By Martijn Pleines
Simulations are complex products. They are more difficult and expensive to produce then other games. On the publishers side, they need all the artwork, sound effects and playability features that a 'regular' game needs and lots of research and background information besides. From a user's perspective, she/he will need a lot of documentation to guide her/him along what is usually quite a steep learning curve, so she/he can appreciate and enjoy the product in all its detail.
Originally, on-line documentation was provided to enhance the printed documentation, not to replace it. On-line documentation can have certain advantages over printed documentation if more sophisticated search facilities, hyperlinks and multi-media presentations have been implemented, as in Flight Simulator 2000, where the on-line documentation complements rather than replaces the paper manual. Lately however, we're experiencing a different style of on-line documentation and it is actually replacing the printed material: Acrobat PDF files that add little or nothing in the way of features compared to printed media. On the contrary.
Try following a detailed tutorial while switching back and forth between the simulation and Acrobat. The reader application is taking away system resources from the sim. It's distracting to have to juggle the windows around, to have to pause and unpause the sim all the time just because you need to look something up, even if it's only a key-combination. Isn't it much better to have that manual in your lap (and no, not everyone has a laptop!), so you can browse and leaf through that while the simulation is running along merrily on the computer? A book that you can take with you on the train to work, or read in bed, or when someone else is using the computer?
So there you are, with your brand new software, eager to get started...but oh, no...you will have to spend a couple of evenings printing out the documentation first! Most users, equipped with only a slow inkjet printer, simply do not have the resources to produce a conveniently sized and well-bound manual; they will end up with an unwieldy sheaf of letter-or DINA4-sized pages either stapled together or in a big binder that won't fit in any software box. Better than on-screen reading surely, but still not as convenient as the smaller, well-made booklet that only a professional publisher could have provided. More often than not, the layout of the electronic manual isn't suited to inkjet printing anyway, with text on tinted backgrounds or images becoming unclear. With the large amount of stuff to print, users are bound to run out of ink or paper, so the work will have to be carried over until the next evening, or worse, until after the weekend...and in the end, it will have cost them more than what a mass-produced manual would have added to the price of the software in the first place.
On a more personal note, I've just finished printing Wilco's 767 PIC documentation...all 300-odd pages of it. Actually, I bought the package (boxed) a couple of months ago, installed it, then put it away as I could not find the time to print all that stuff at that point. Only recently have I found enough time to finish printing it, which took three evenings. As it turns out, I'm very pleased with 767 PIC, but I could have started enjoying it a lot sooner if a proper manual had been included in the first place.

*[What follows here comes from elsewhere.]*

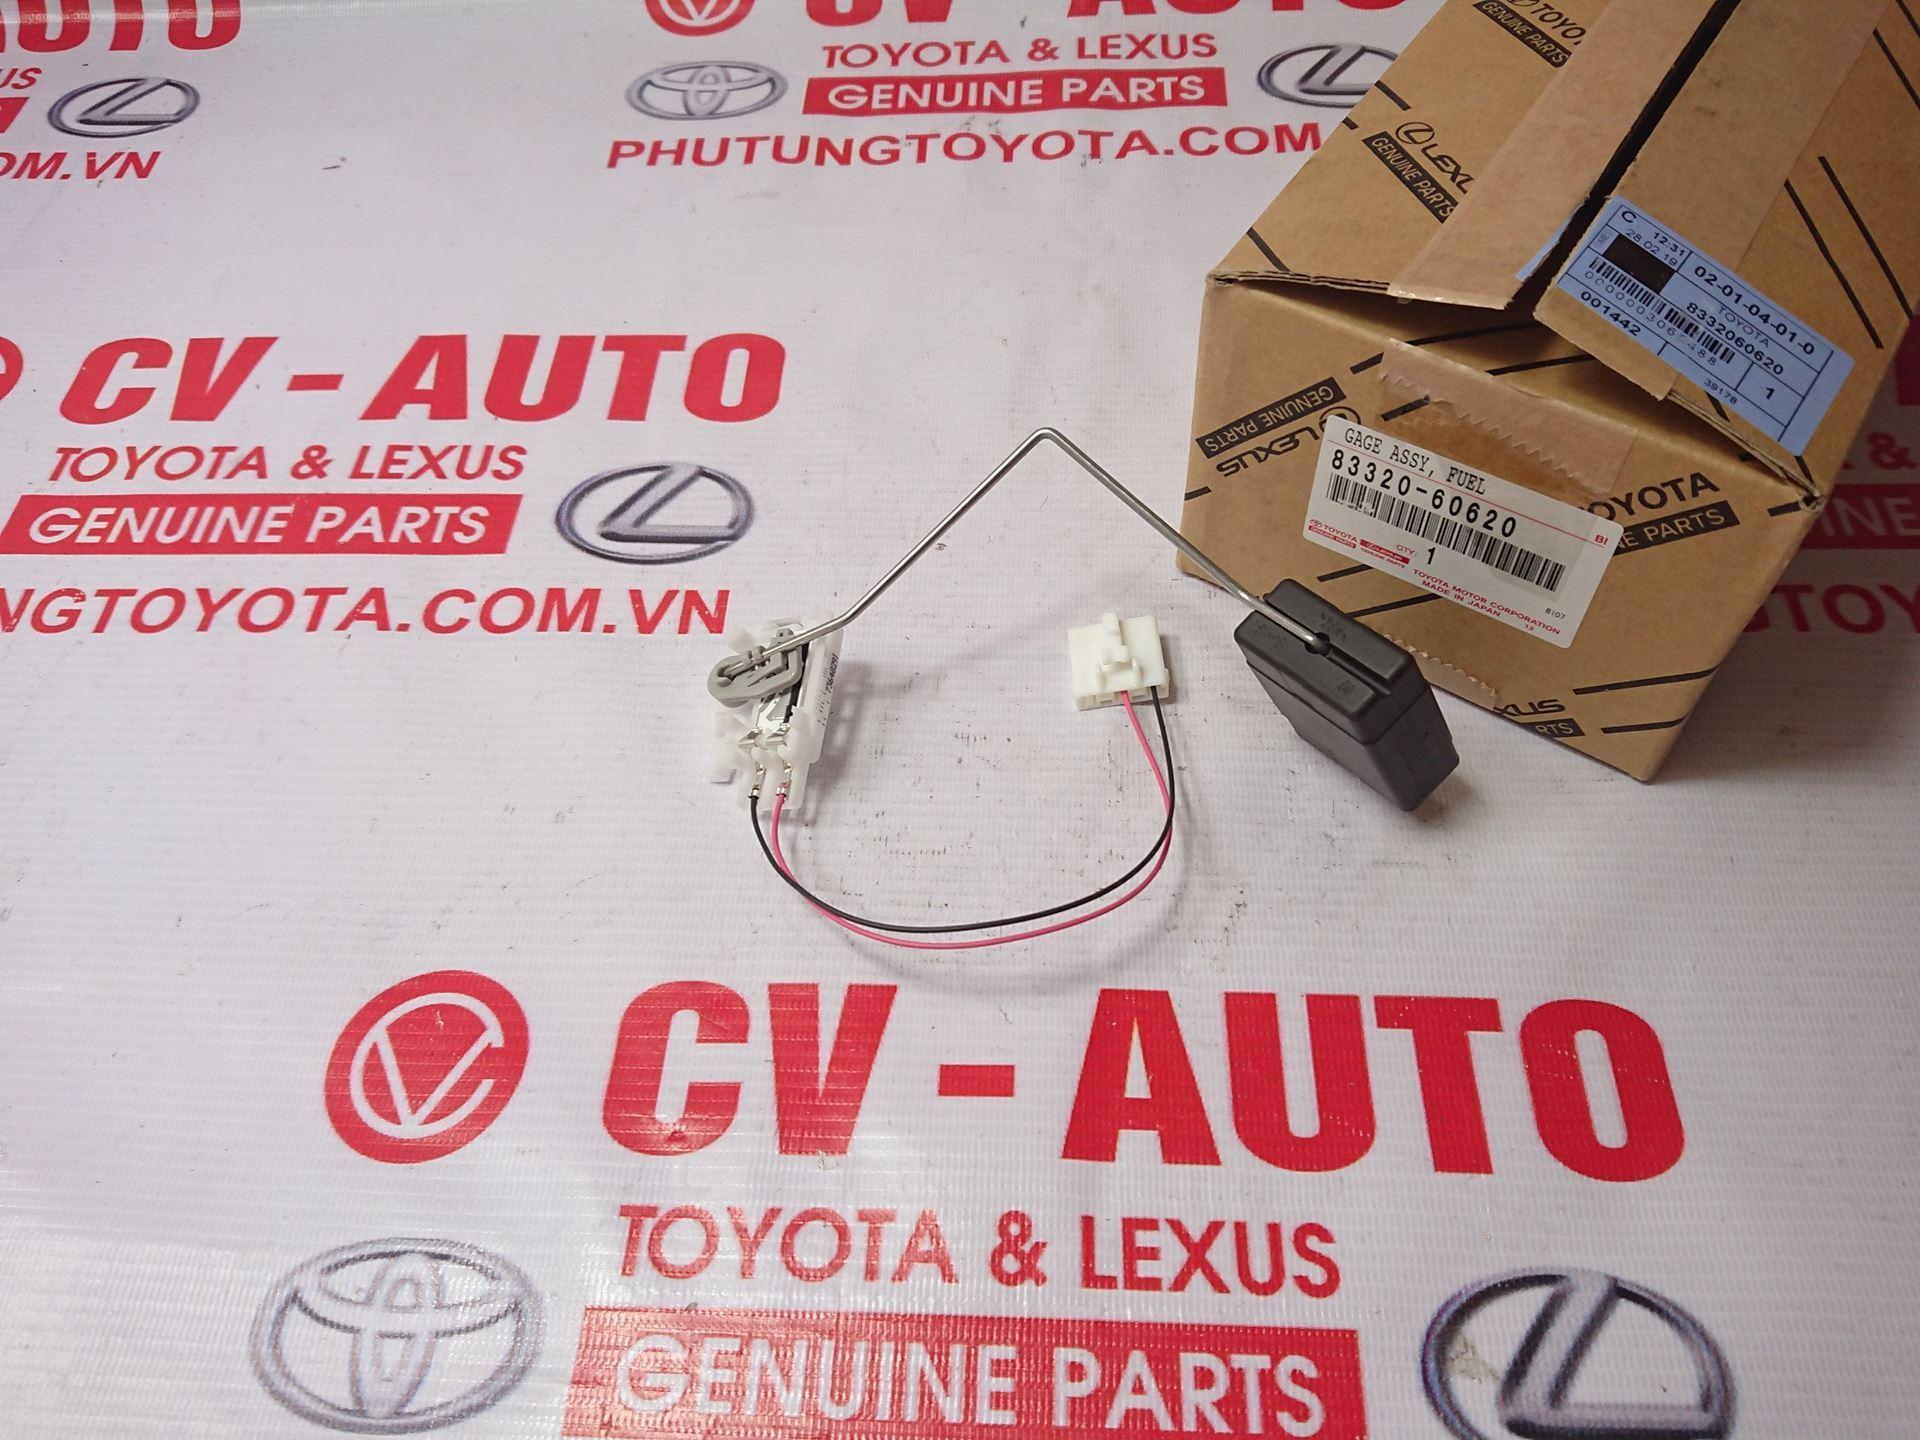 Picture of 83320-60620 Phao báo xăng Toyota Land Cruiser Prado, Fortuner, Innova

My spare time is limited. I don't want to sit around watching my printer churn out 100 pages or so for two or three evenings on end. And you do have to monitor that process, in case a color runs out or the paper gets stuck or whatever. It's too distracting to do anything else with the computer while that is going on.
Mind you, I didn't return 767 PIC to the shop, as I did with Microsoft's Train Simulator! I was disgusted to find that that big, expensive box was filled with 95% air, and just an install folder instead of a proper manual. Well, I'm not particularly interested in trains, but I love any kind of serious simulation, and I was looking forward to getting to know the world of rail. Unlike 767 PIC however, where I felt I knew what to expect, I wasn't prepared to go through all the rigmarole of having to print yet another thick manual, so I decided not to persevere and returned Train-Sim to the shop. To be honest, there were problems with the CDs too; however, the point is, had there been proper manual, I might have been drawn in and become involved anyway-and I probably would have been working on my local rail network scenery right now.
I'm sure many users would not mind paying a fair bit extra for a well-documented simulation. This is exactly the reason why I have always preferred buying the more expensive boxed version even if a cheap download version was available on the net. Instead, I fear that many potential users will be turned away from simulations altogether if they keep finding themselves confronted with complex software but without the means to get into it in a more convenient manner. Having to print out manuals first is just another hurdle on an already steep learning curve.